Jesus...what a swindle

Every day the Carioca look up to the Corcovado and see the statue of Christ holding his arms outstretched to embrace his flock below, including the gang members who rob tourists by legal means.

Christ is the forgiver who grants grace and redemption to the sinners. He is also a brand of Rio de Janeiro. Millions of tourist trinkets, paintings, beach towels, ashtrays and photographs are sold in his name every year. And now he is becoming a Jesus Park, a comical blight that draws thousands of tourists, who are being taken advantage of by the very Shepard they seek to protect them.

Ever since the statue was named one of the most popular icons of the modern world there has been a transformation of the Jesus business in Rio.

This came to light soon after Carnival when the statue underwent its annual renovation. The symbol of Rio was cloaked in a web of steel as workmen built scaffolds so they could sandblast the exterior and reinforce the interior enough to withstand everything that nature can throw at it, including lightening strikes and winds.

Work on the statue was temporarily suspended, however, due to record April rains that closed the roads leading up the mountain. The cog train, whose tracks were under the threat of being washed away, had closed and new earth had to be trucked in to rebuild the various sections to the summit.

But something else also transpired during the closure: the road was re-opened to taxis and a private van service, which had evidently won the Christ conveyance concession. Now, to get to the statue you have to pay an exorbitant fare.

On two different ascents my companion drove me up the road as she had done on numerous occasions for visitors from abroad. And twice we were turned away by security, despite being assured by the tourist office that the road was open to private cars.

My companion, skilled in both English and Portuguese profanity, let her opinions be known, as we watched a parade of taxis, vans and “preferred” cars driving up with impunity. “Corruption. Robbery,’ my companion declared.

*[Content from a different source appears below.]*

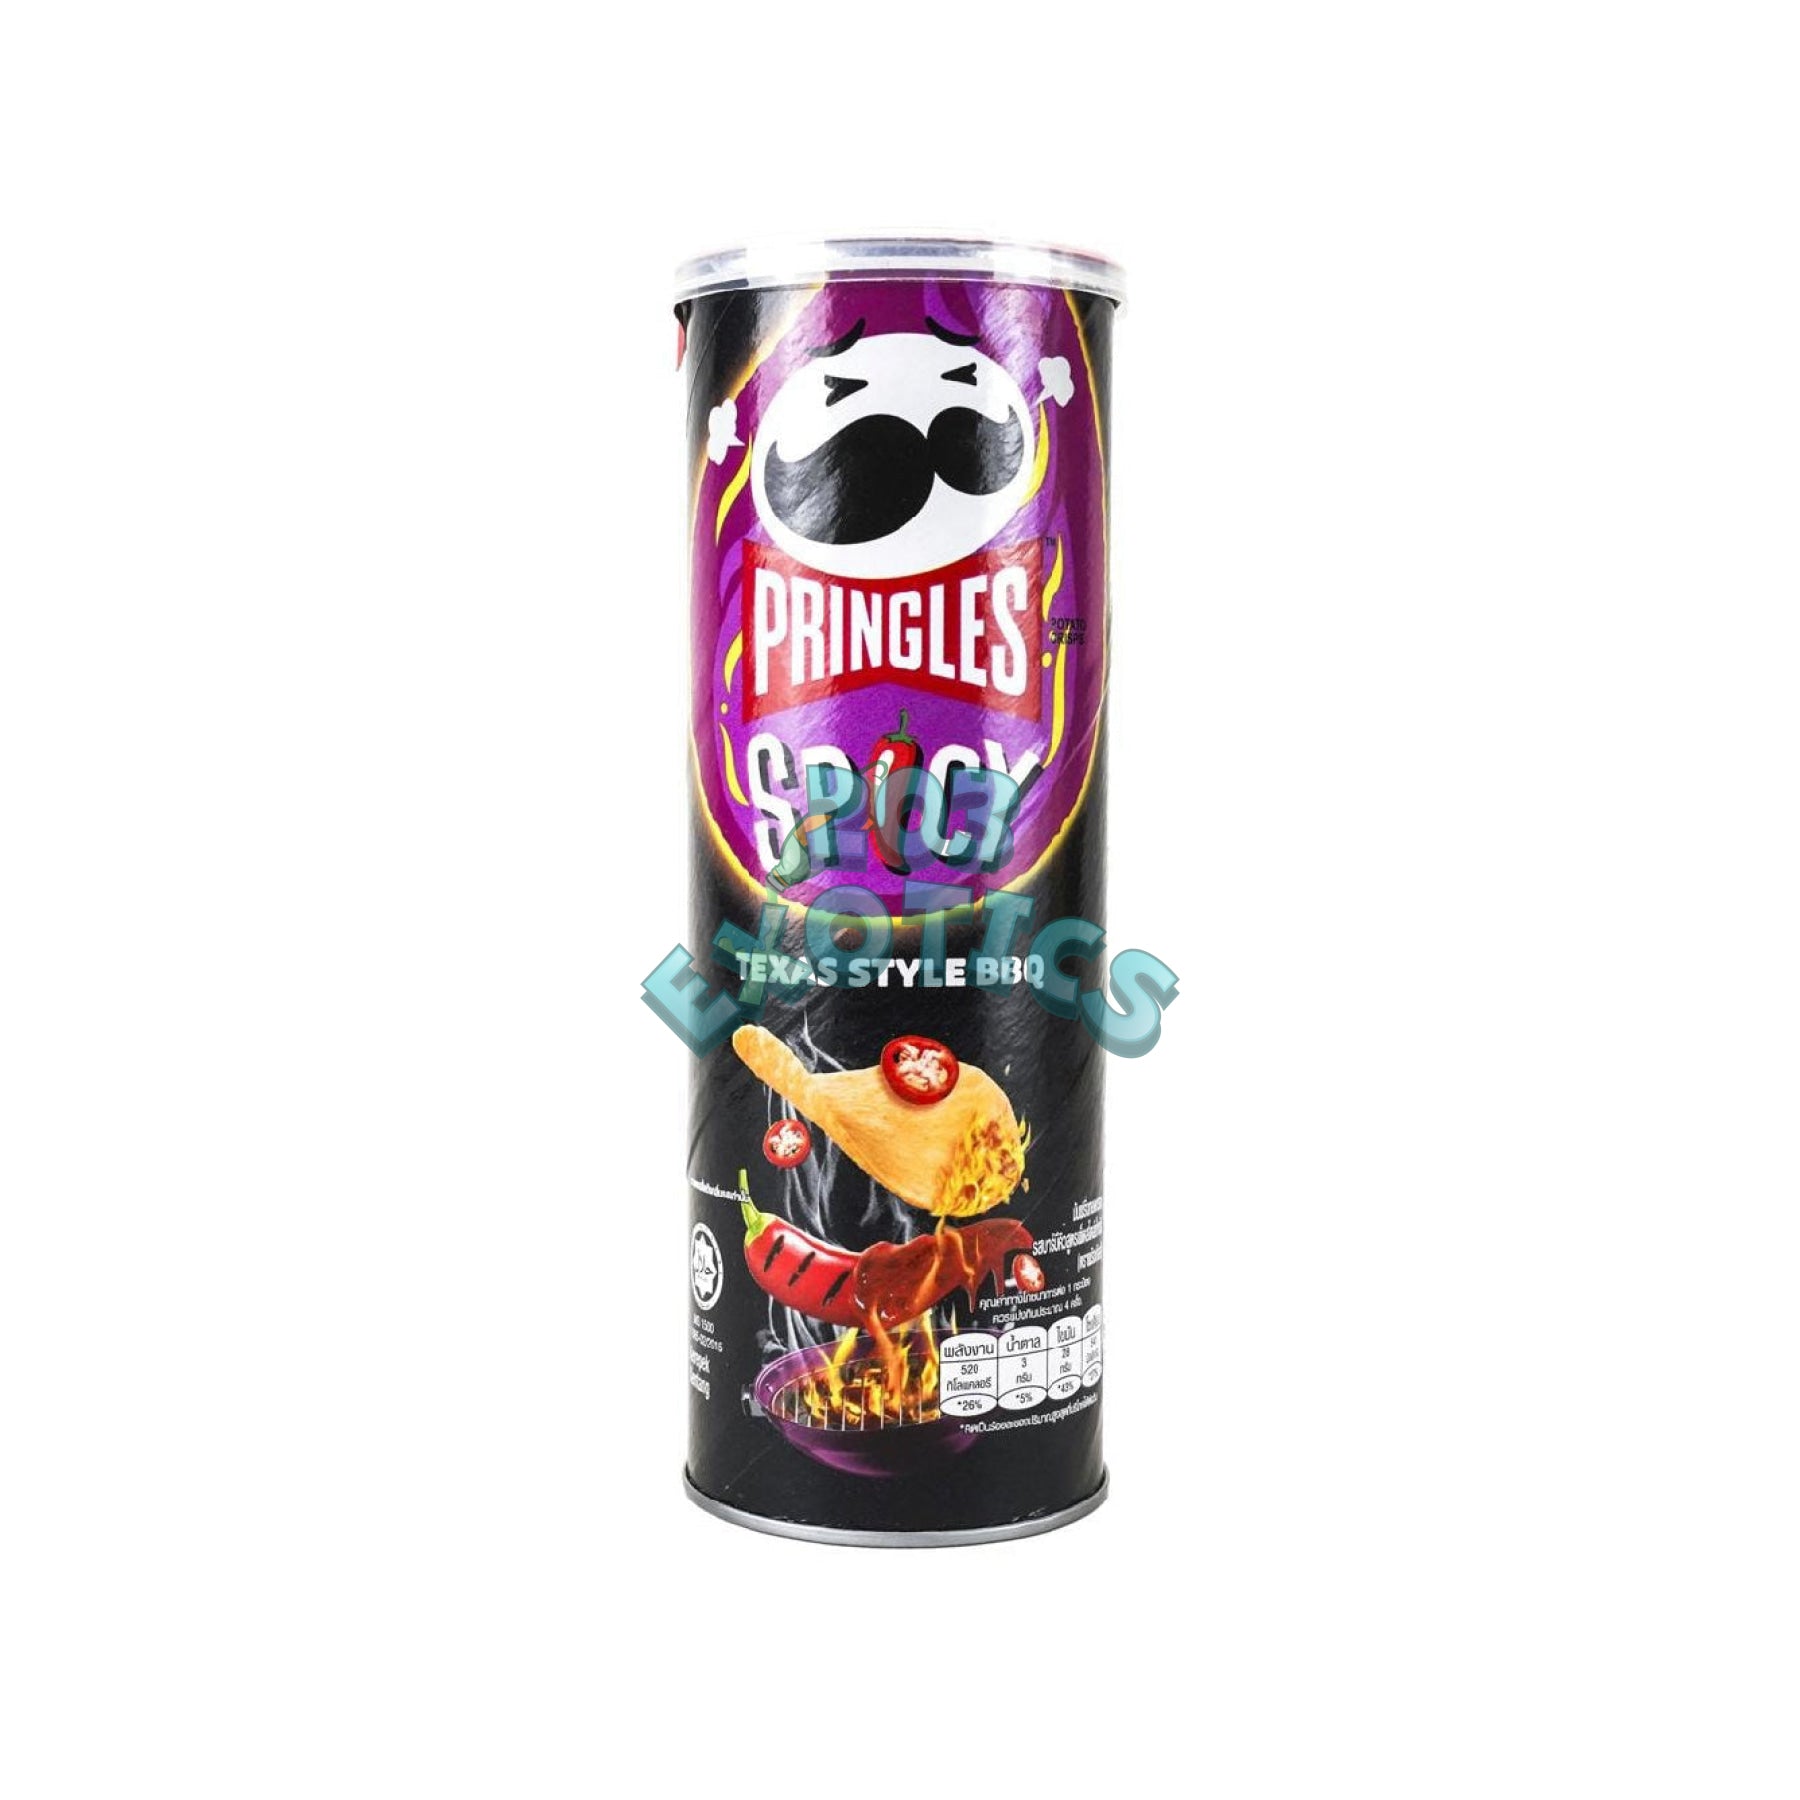 Pringles Spicy Texas Style Bbq (3.59Oz)

We made our way back down to the train station, determined to see the statue, but found the train was still closed. Only the ubiquitous white vans and taxis offered a ride and we soon saw that the price had risen rapidly from driver to driver, like brokers on the floor of a commodity exchange. One price may only take you to the foot of the statue, but not return you to the bottom. Another price may offer you a return trip, but not charge the entrance fee to the actual park. “Imagine what they do to tourists who cannot speak Portuguese,” my companion said.

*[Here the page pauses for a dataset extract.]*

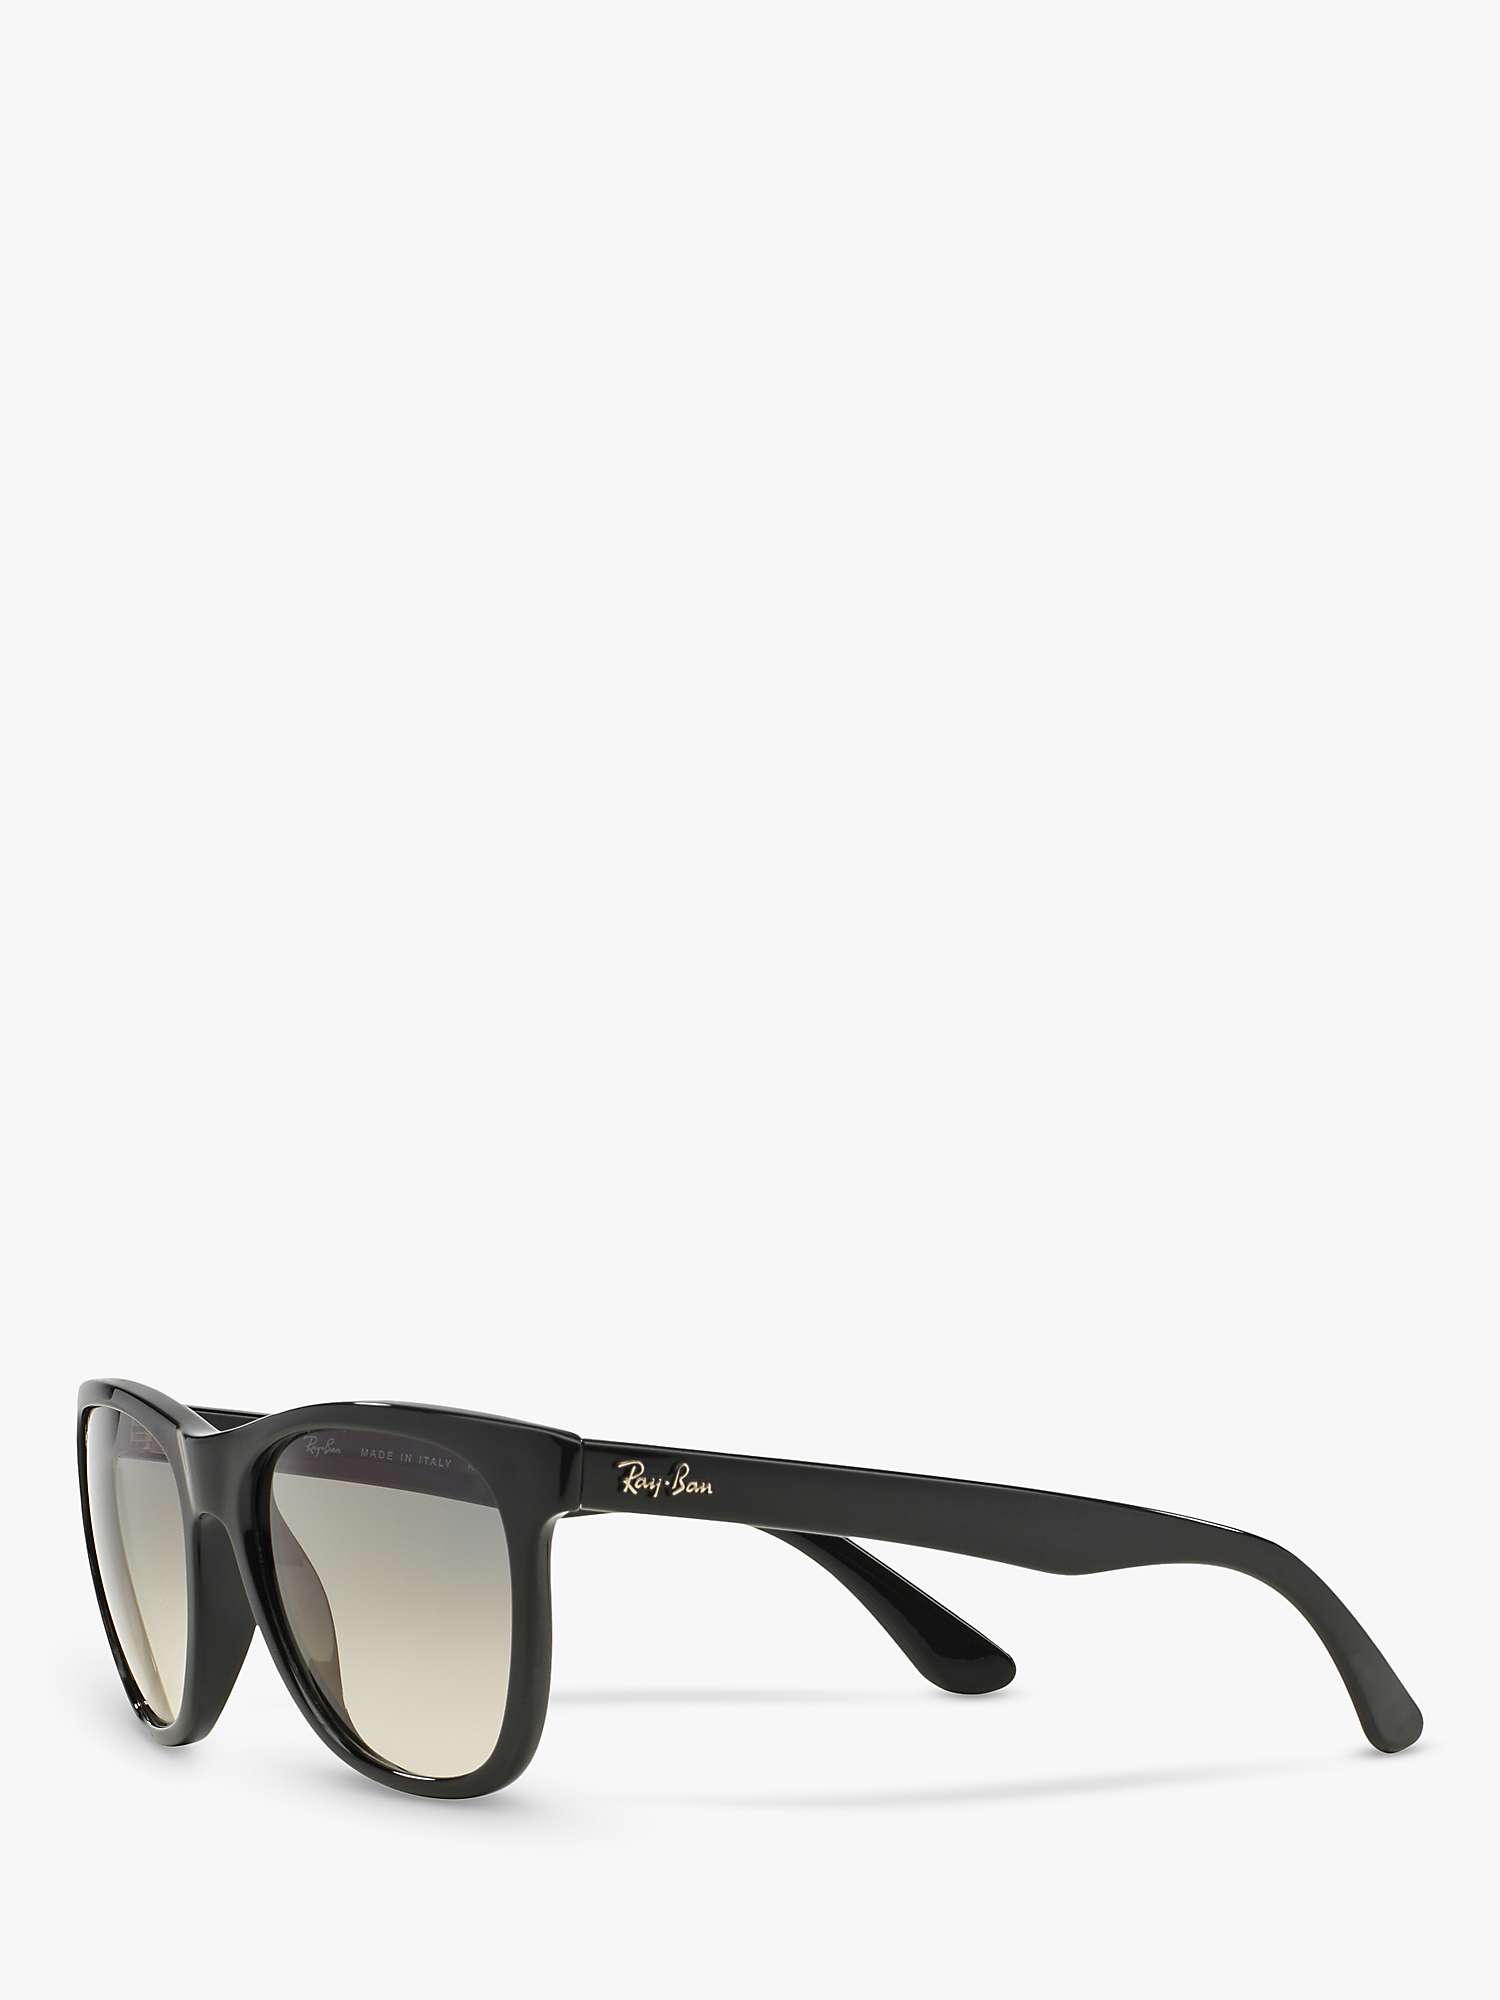 Buy Ray-Ban RB4184 Men's Square Sunglassess, Black/Grey Online at johnlewis.com

In the end we opted for a evening view of the statue from our veranda and enjoyed a nice meal with the money we saved by not making the journey.

I had always enjoyed the view of the Redeemer morning, noon and night, rain or shine from our window. I marveled at a breathtaking monument that continues to stir the soul, but I decided against any further attempts to scale the Mount in a van or taxi. I didn’t want to despoil my feelings by getting fleeced at the feet of Jesus.

1 comment:

  1. Its really a shame. The government of Rio de Janeiro needs change this situation urgently!